This content is not included in your SAE MOBILUS subscription, or you are not logged in.

3D Scene Reconstruction with Sparse LiDAR Data and Monocular Image in Single Frame

Journal Article
07-11-01-0005
ISSN: 1946-4614, e-ISSN: 1946-4622
Published September 23, 2017 by SAE International in United States
3D Scene Reconstruction with Sparse LiDAR Data and Monocular Image in Single Frame
Sector:
Citation: Zhong, Y., Wang, S., Xie, S., Cao, Z. et al., "3D Scene Reconstruction with Sparse LiDAR Data and Monocular Image in Single Frame," SAE Int. J. Passeng. Cars – Electron. Electr. Syst. 11(1):48-56, 2018, https://doi.org/10.4271/07-11-01-0005.
Language: English

Abstract:

Real-time reconstruction of 3D environment attributed with semantic information is significant for a variety of applications, such as obstacle detection, traffic scene comprehension and autonomous navigation. The current approaches to achieve it are mainly using stereo vision, Structure from Motion (SfM) or mobile LiDAR sensors. Each of these approaches has its own limitation, stereo vision has high computational cost, SfM needs accurate calibration between a sequences of images, and the onboard LiDAR sensor can only provide sparse points without color information. This paper describes a novel method for traffic scene semantic segmentation by combining sparse LiDAR point cloud (e.g. from Velodyne scans), with monocular color image. The key novelty of the method is the semantic coupling of stereoscopic point cloud with color lattice from camera image labelled through a Convolutional Neural Network (CNN).
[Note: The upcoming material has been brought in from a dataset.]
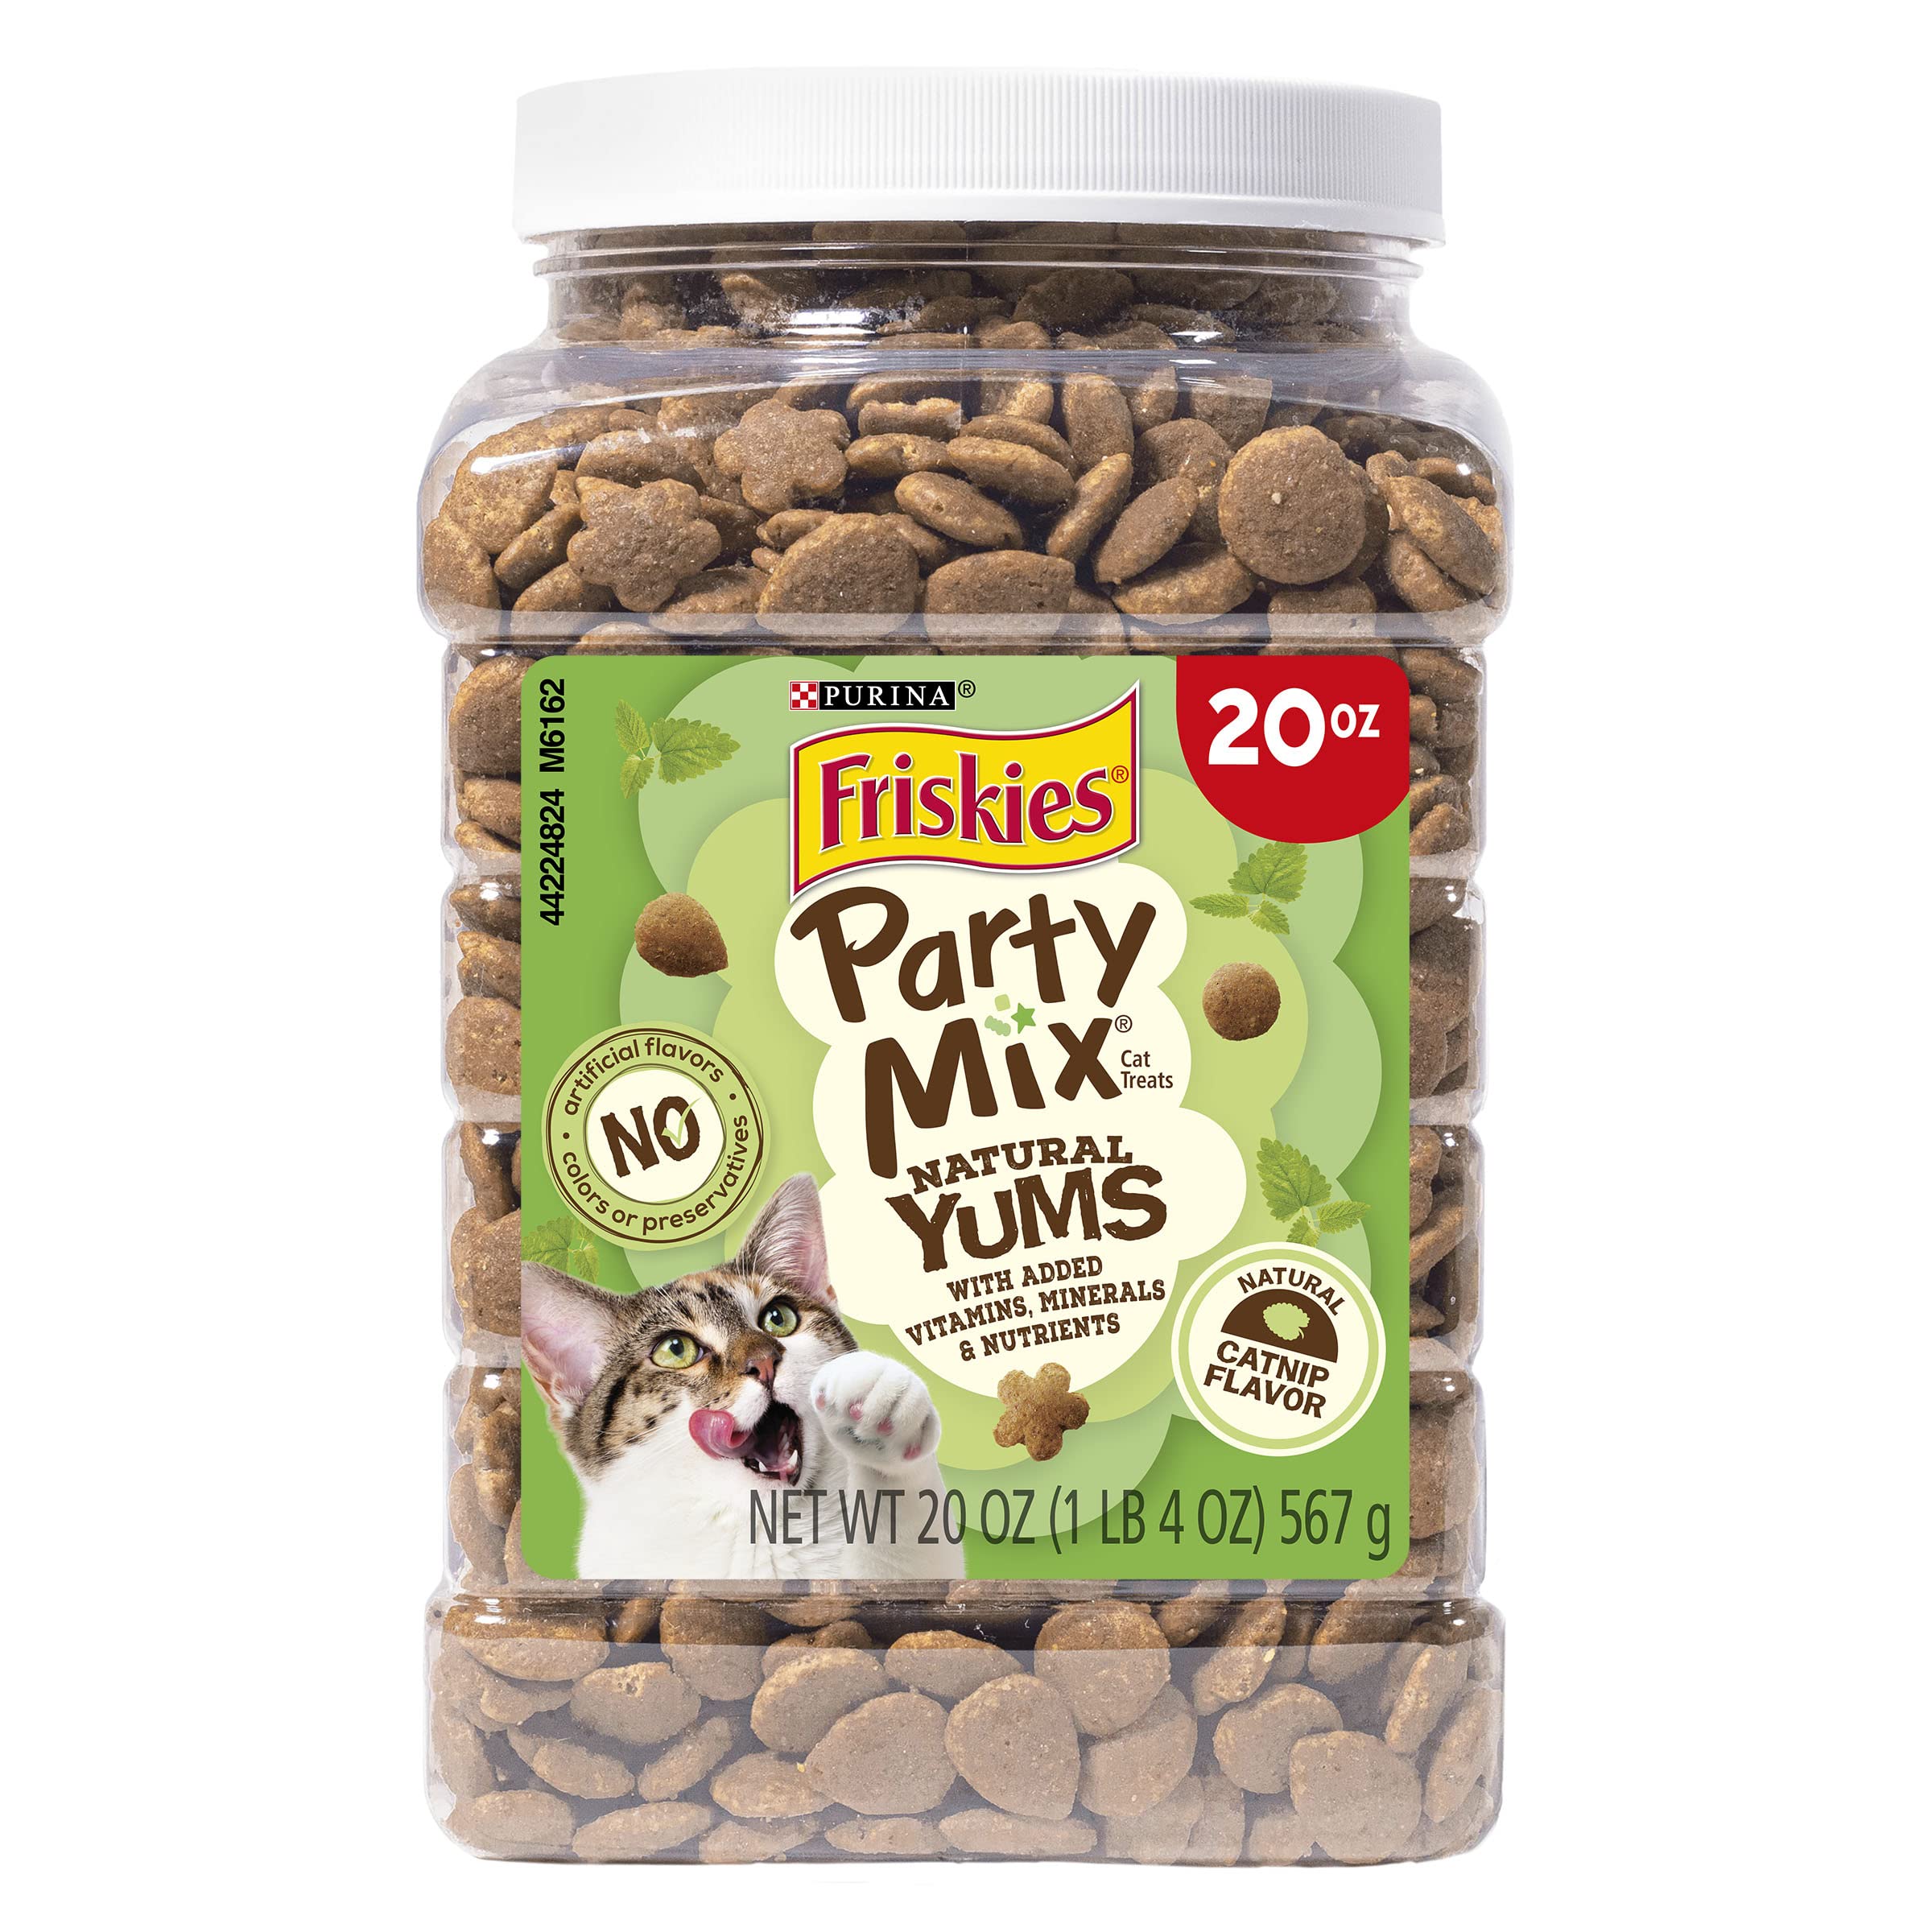 Purina Friskies Party Mix Natural Yums Catnip Flavor - 20 oz, $4.27 with Subscribe and Save, Amazon $4.27

The presented method comprises three main process: (I) perform semantic segmentation on color image from monocular camera by using CNN, (II) extract ideal surfaces and other structural information from point cloud, (III) improve the image segmentation with the extracts and label the point cloud with the image segments. The whole process is done in a single frame, and the output of the system is labelled point cloud which can be used in construction of semantic object convex and alignment between frames. We demonstrate the effectiveness of our system on the KITTI dataset providing sufficient camera and LiDAR data, and present qualitative and quantitative results indicating the improvements in segmentation comparing to methods merely using either image or LiDAR data.